Organisatorischer Handlungsbedarf für Unternehmen

Aus Datenschutz- und Compliance-Perspektive erfordert die Einführung generativer KI-Systeme klare betriebliche Steuerungsprozesse. Das BSI empfiehlt Organisationen die Ausarbeitung einer übergeordneten KI-Strategie sowie den Erlass verbindlicher KI-Richtlinien unter Berücksichtigung geltender Gesetze wie der DSGVO oder der KI-VO. Zudem sollten interne Zuständigkeiten durch die Benennung von Verantwortlichen eindeutig geregelt werden. Eine zentrale Voraussetzung für die Risikokontrolle bildet die Führung einer vollständigen Übersicht aller im Unternehmen eingesetzten KI-Anwendungen und -Modelle. Sämtliche Beschäftigte, die KI-Werkzeuge im Arbeitsalltag nutzen, müssen verbindlich geschult und für den datenschutzgerechten Umgang sensibilisiert werden (KI-Kompetenz).

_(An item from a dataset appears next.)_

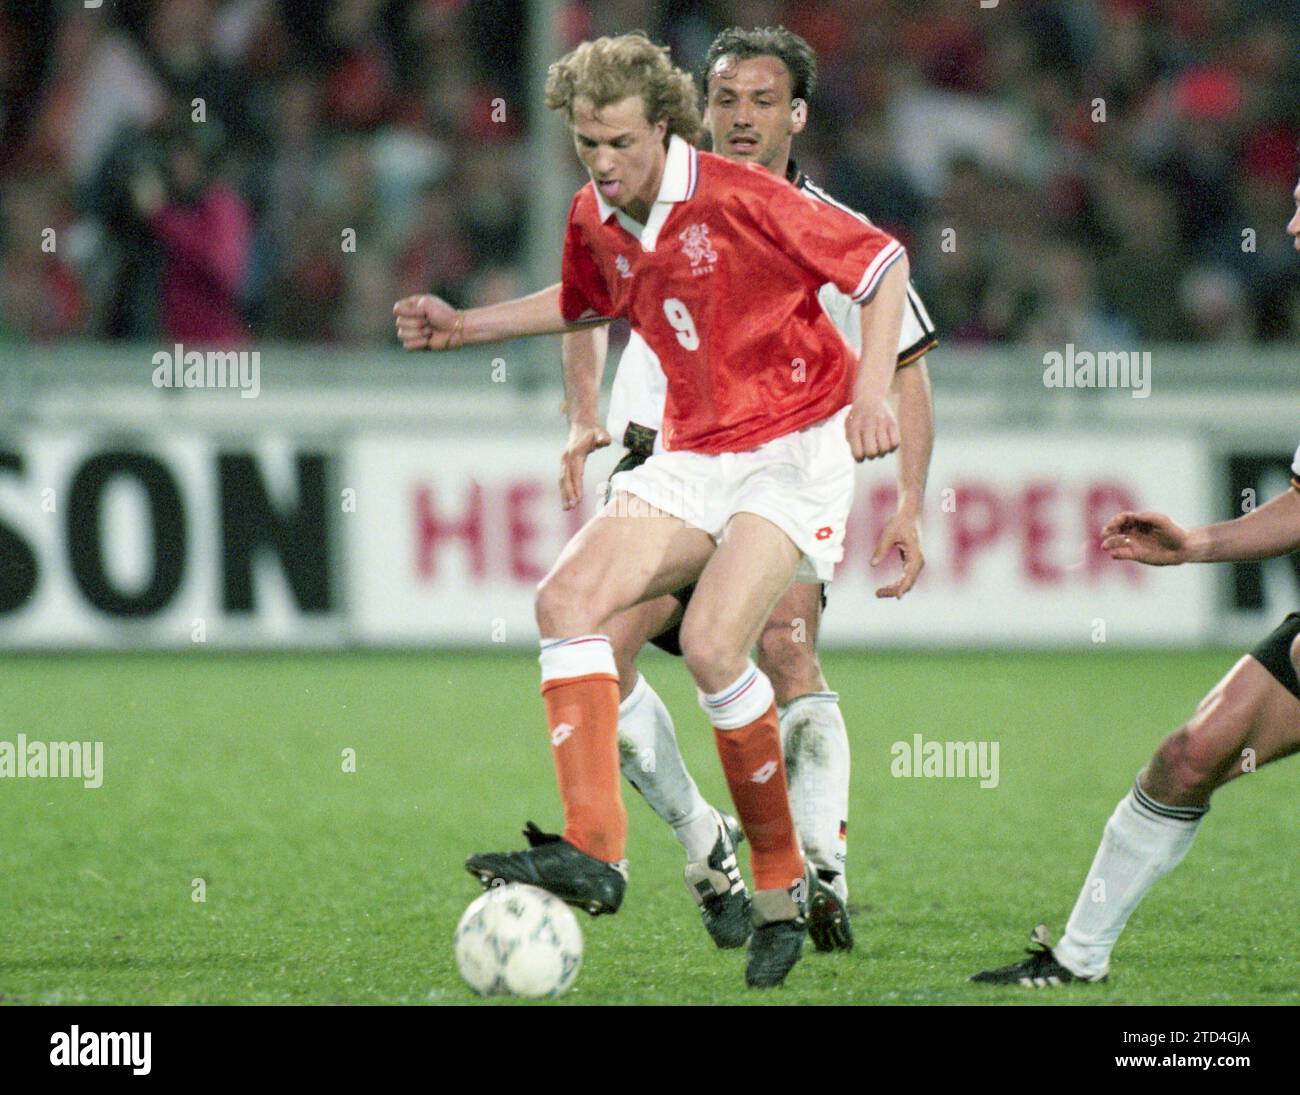 Football, firo: 04/24/1996 Football European Championship Euro European Championship preparation, friendly match, preparation for the international game 1996, archive photos, archive photo, archive Germany - Netherlands, Holland 0:1 Jordi Cruyff, individual action Stock Photo
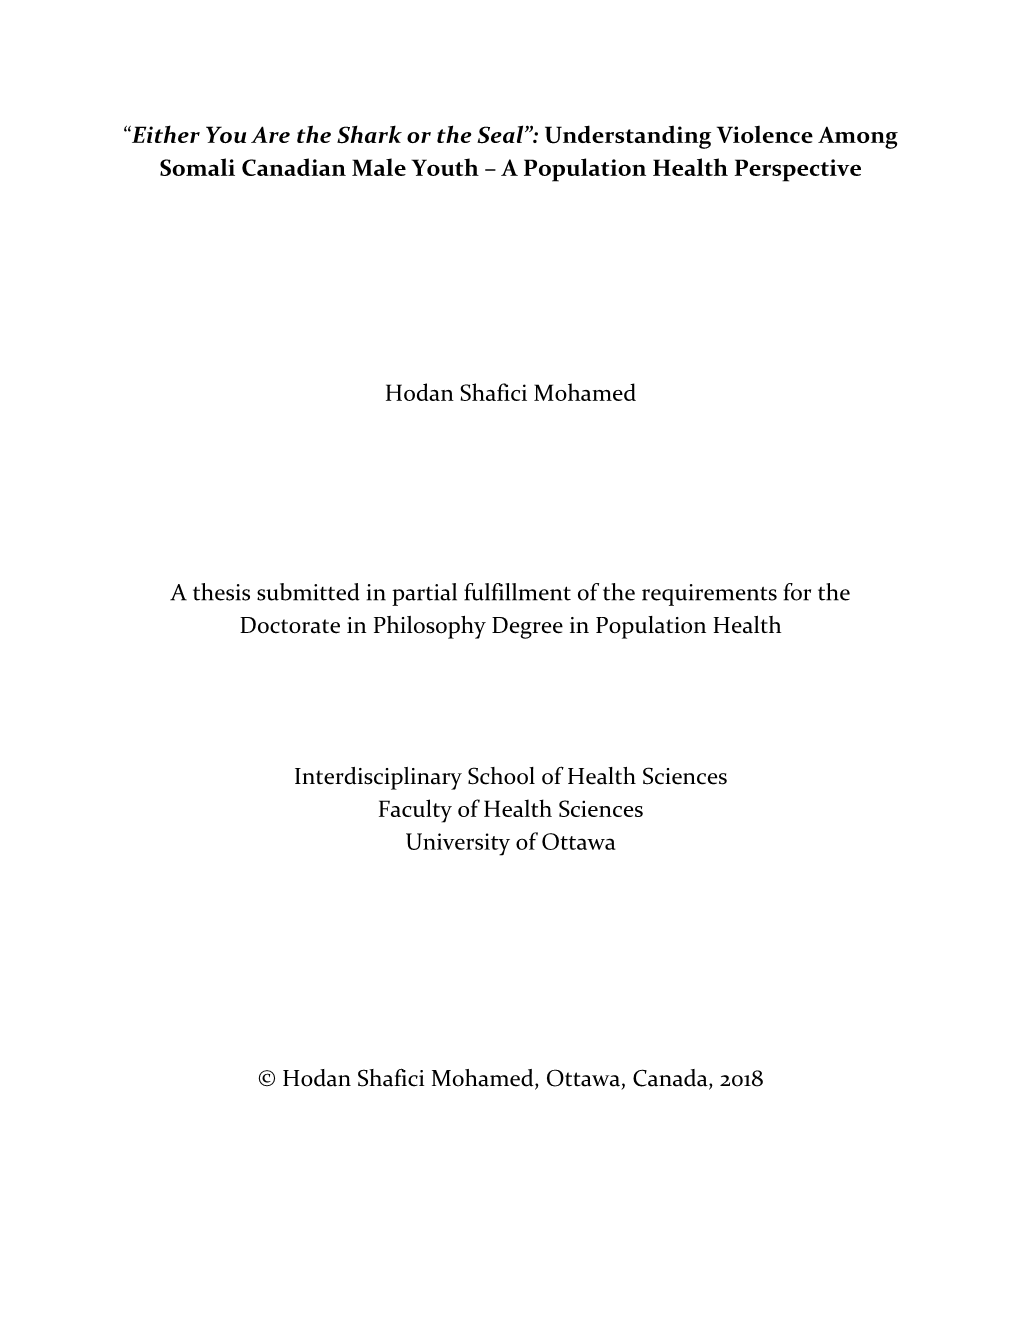 Understanding Violence Among Somali Canadian Male Youth – a Population Health Perspective

Schlussfolgerungen für die Praxis

Für die Praxis empfiehlt sich daher bei der Implementierung neuer KI-Anwendungen ein schrittweises und strukturiertes Vorgehen. Vor der Freigabe eines Dienstes muss zunächst der konkrete Anwendungsfall definiert und eine zugeschnittene Risikoanalyse durchgeführt werden. Aus den identifizierten Risiken lassen sich anschlussfähig Anforderungskriterien für die Auswahl geeigneter KI-Modelle ableiten. Verbleibende Restrisiken müssen darüber hinaus durch technische Schutzmaßnahmen bei der Systemintegration oder durch organisatorische Verhaltensregeln für die Endnutzenden minimiert werden.

Fazit

Das BSI-Informationspaket bietet Organisationen eine fundierte Orientierung, um generative KI-Systeme datenschutzkonform und sicher in die betrieblichen Abläufe zu integrieren. Durch die Kombination aus Leitfäden für Führungskräfte, Schulungsmodulen und organisatorischen Schutzmaßnahmen können Unternehmen mithilfe der BSI Materialien Compliance-Risiken minimieren sowie die Belegschaft wirksam für den verantwortungsvollen Umgang mit KI-Technologien qualifizieren.